### Supplied records
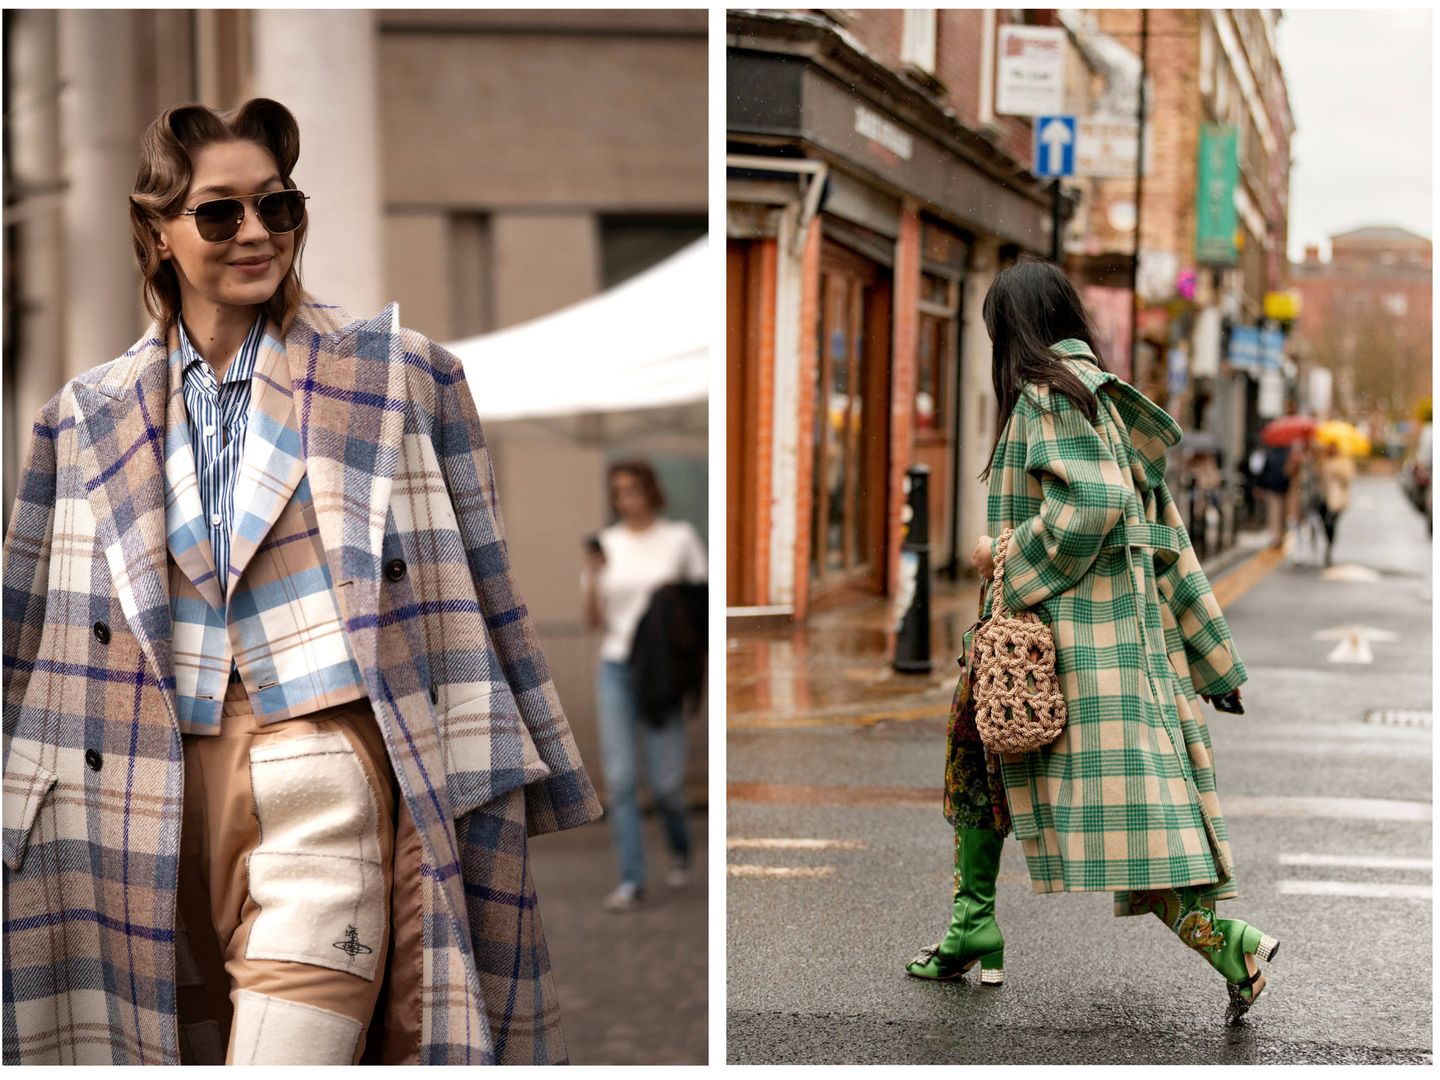 La modelo Gigi Hadid con un look a cuadros y una influencer con un abrigo tartán. (Imaxtree)
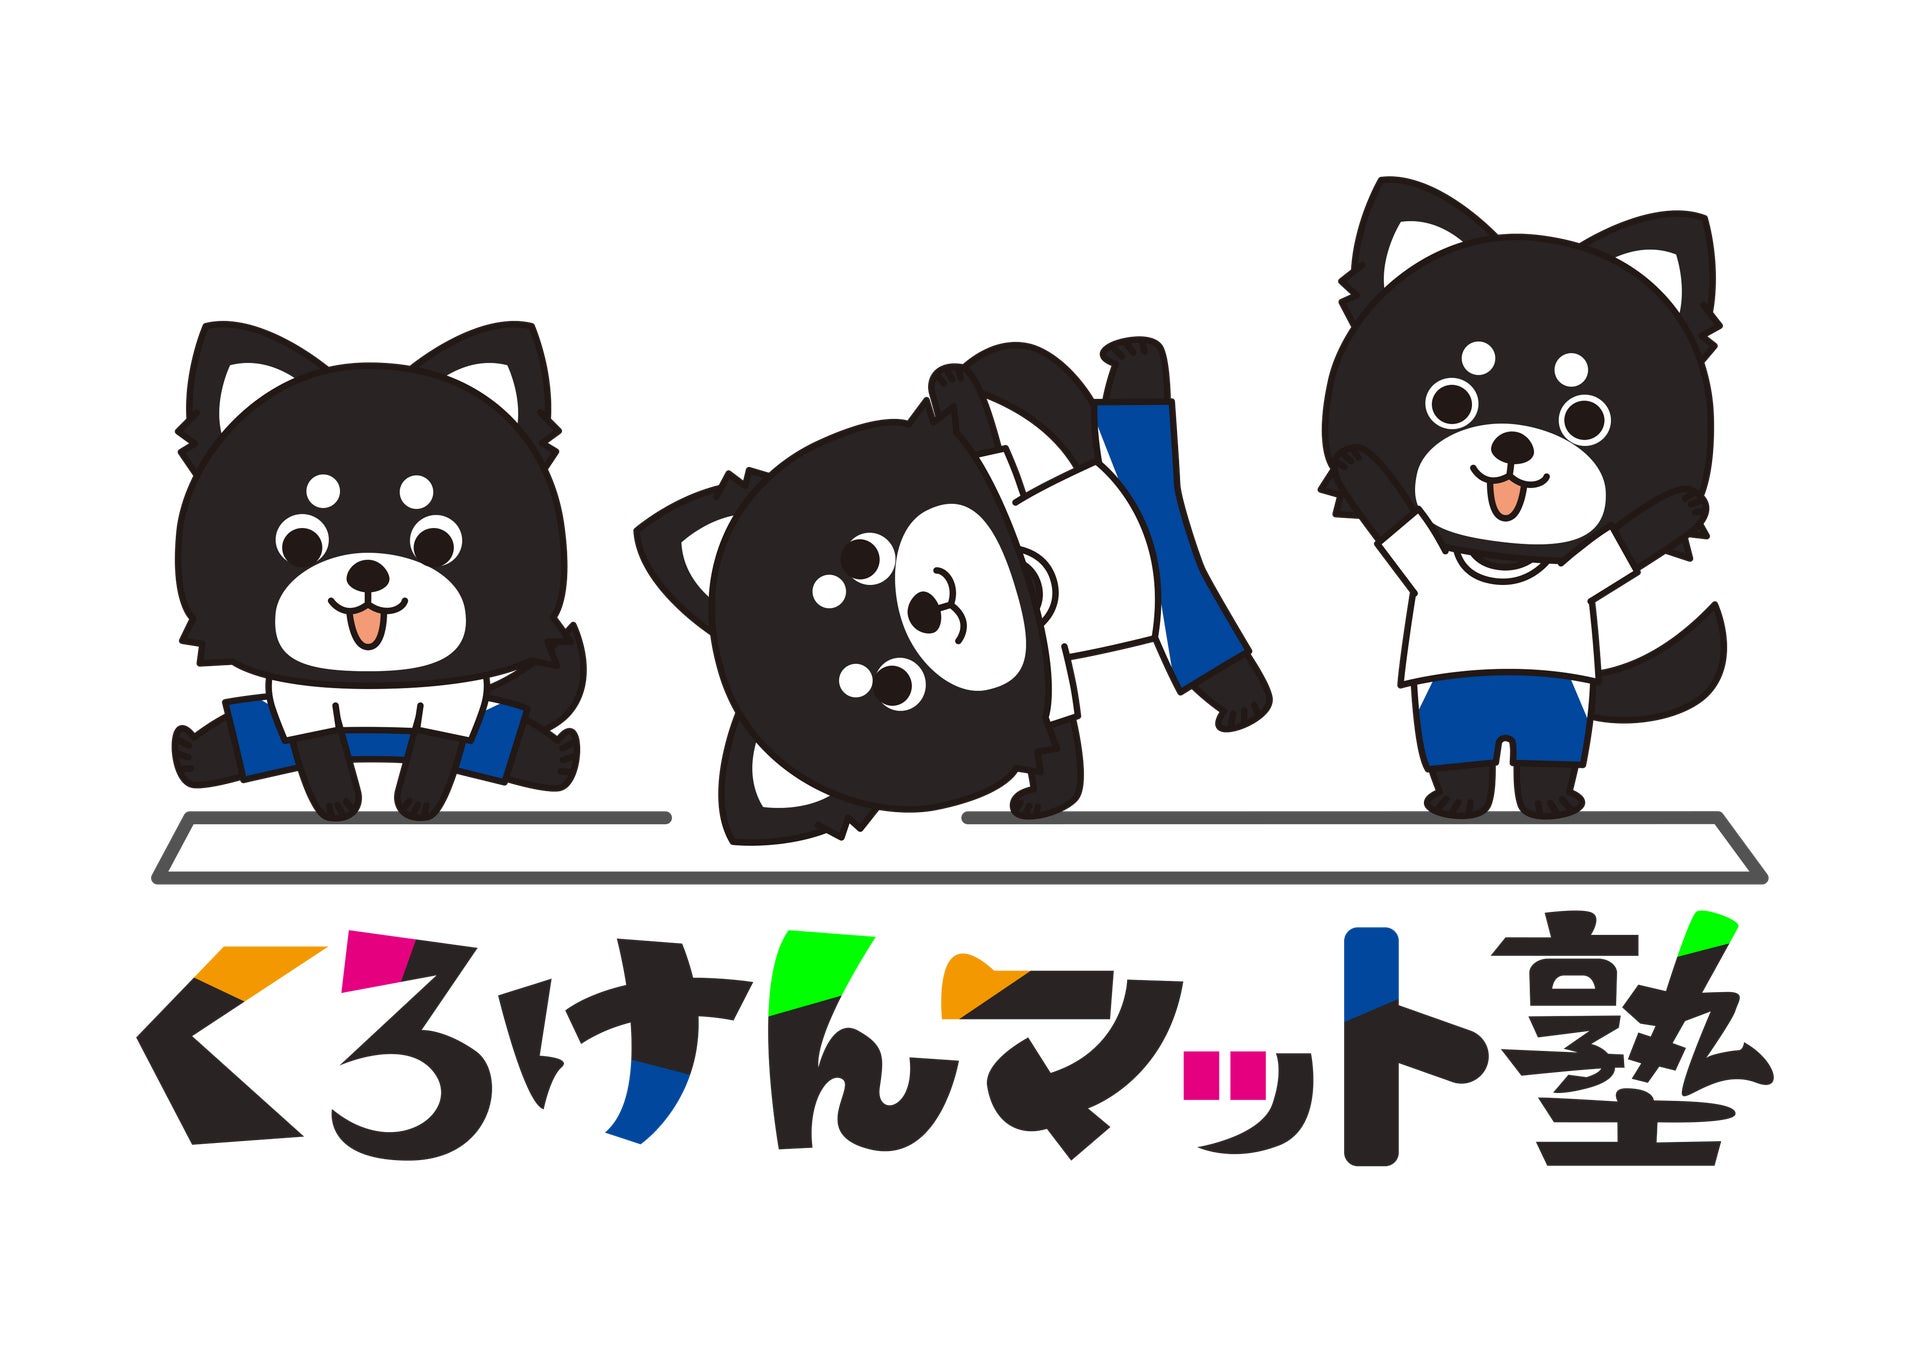 東員町の体操教室「くろけんマット塾」が公式ロゴマークを発表
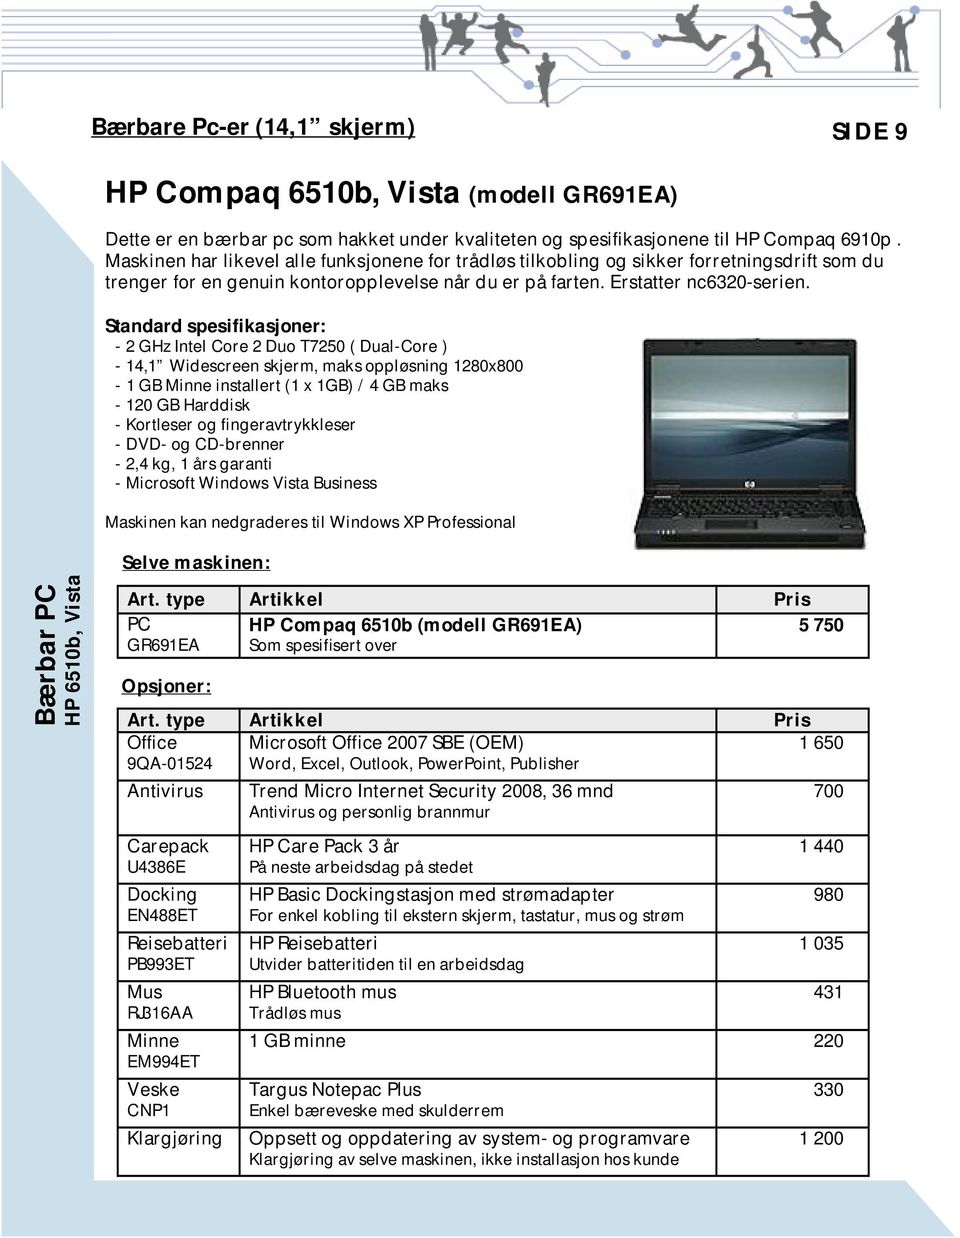 Standard spesifikasjoner: - 2 GHz Intel Core 2 Duo T7250 ( Dual-Core ) - 14,1 Widescreen skjerm, maks oppløsning 1280x800-1 GB Minne installert (1 x 1GB) / 4 GB maks - 120 GB Harddisk - Kortleser og
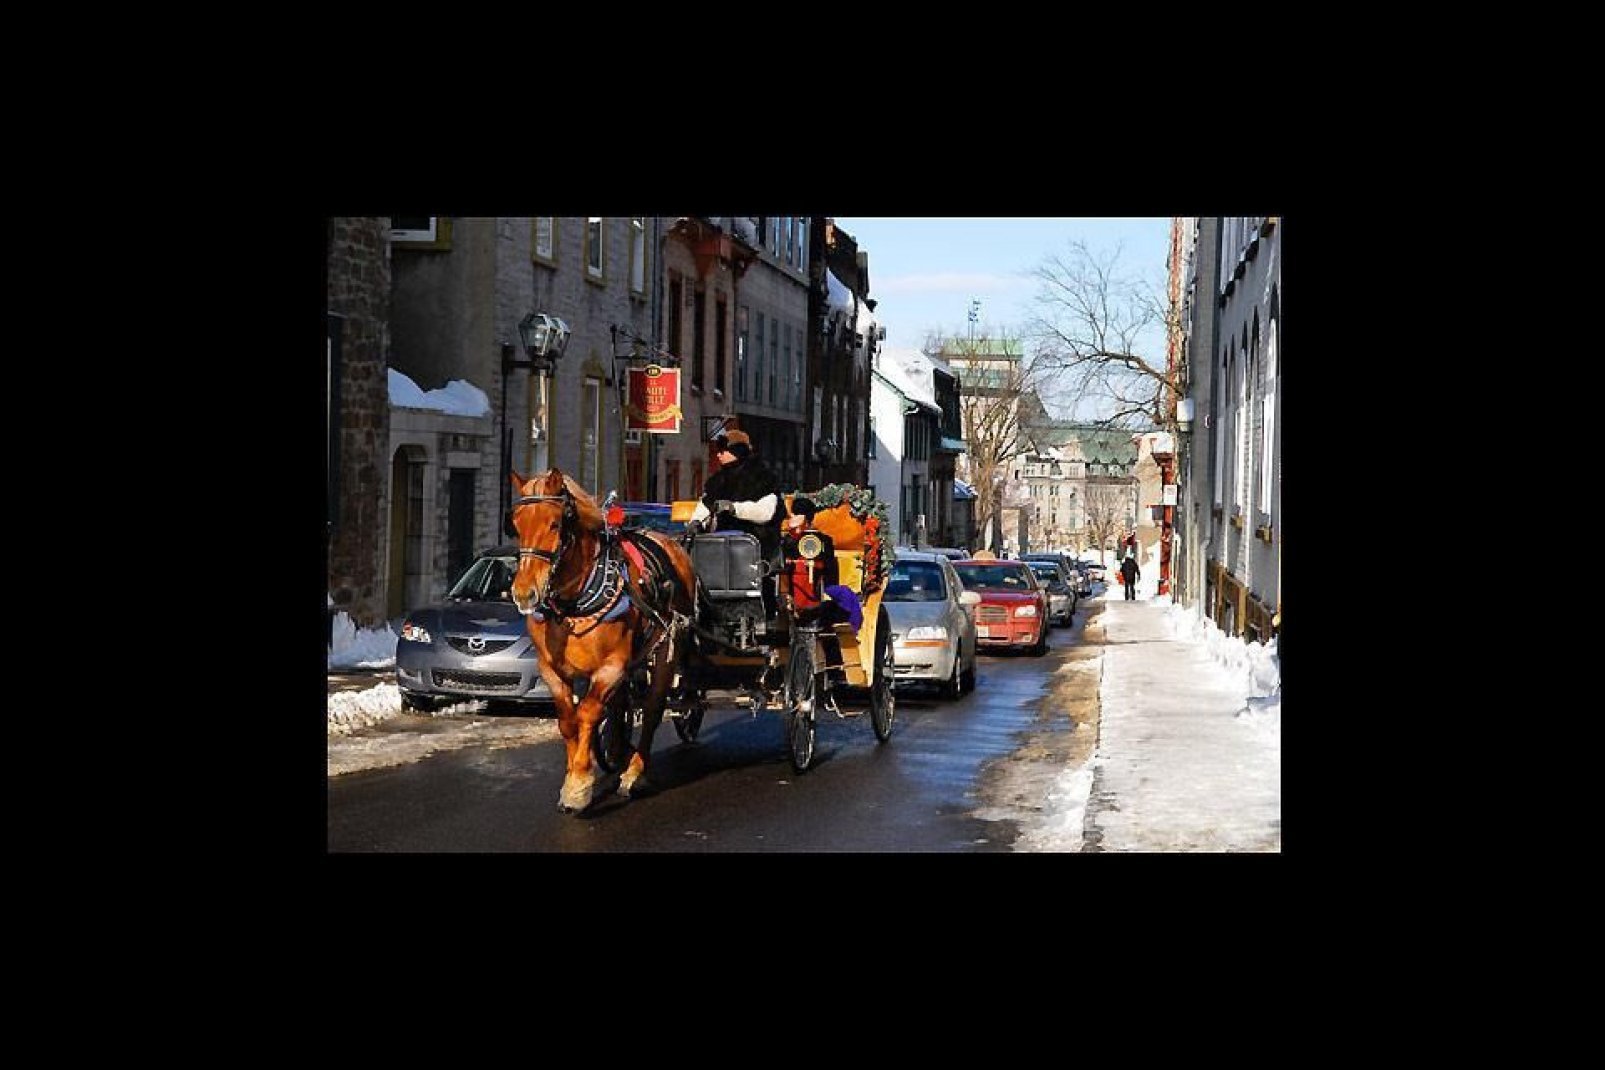 Piuttosto che prendere l'auto, scegliete di fare una passeggiata in carrozza nel centro storico di Québec: è come fare un salto nel passato.
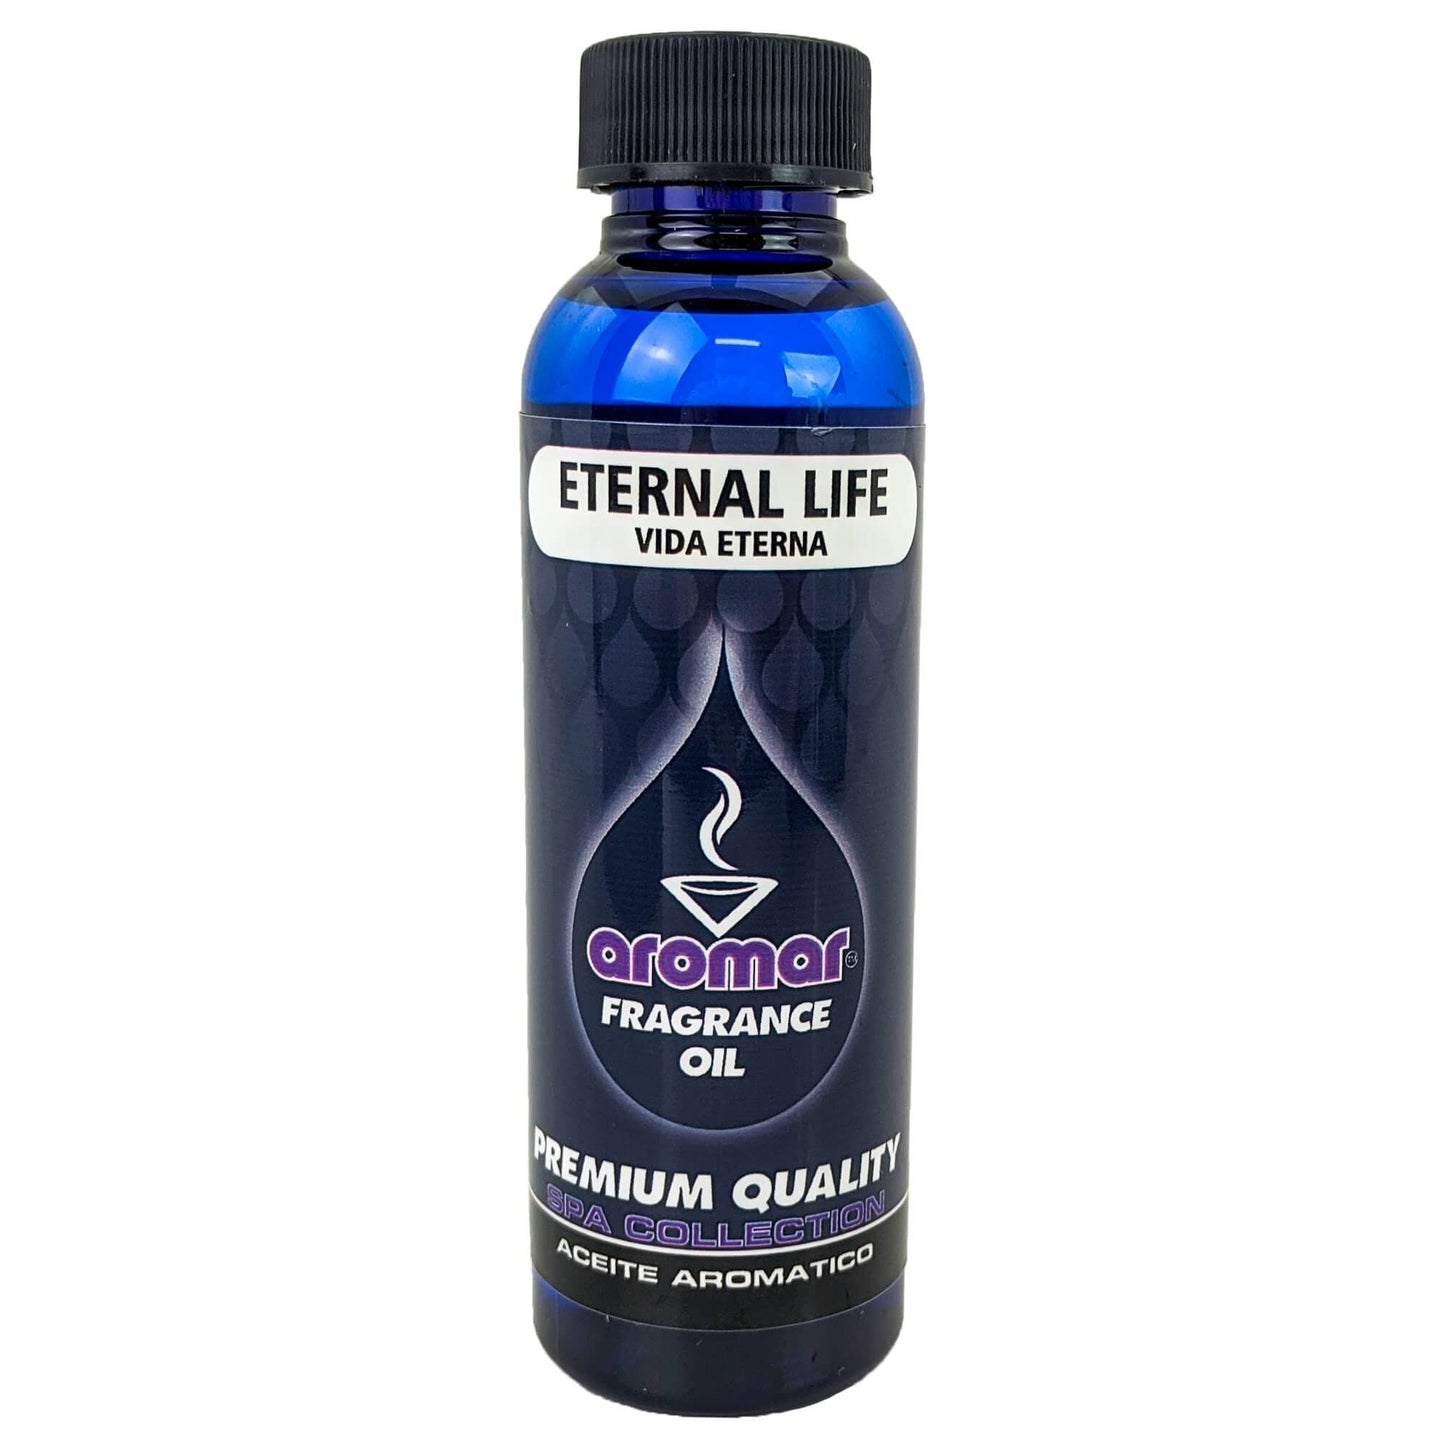 Eternal Life Scent Aromar Fragrance Oil, 2oz/60ml

### Exercise description
Write out exactly, and only, the lines running from the line with "東員町の体操教室「くろけんマット塾」が公式ロゴマークを発表" to the last line above, both included, with all pictures omitted.

### Task result
 東員町の体操教室「くろけんマット塾」が公式ロゴマークを発表
 Standard spesifikasjoner: - 2 GHz Intel Core 2 Duo T7250 ( Dual-Core ) - 14,1 Widescreen skjerm, maks oppløsning 1280x800-1 GB Minne installert (1 x 1GB) / 4 GB maks - 120 GB Harddisk - Kortleser og
 Piuttosto che prendere l'auto, scegliete di fare una passeggiata in carrozza nel centro storico di Québec: è come fare un salto nel passato.
 Eternal Life Scent Aromar Fragrance Oil, 2oz/60ml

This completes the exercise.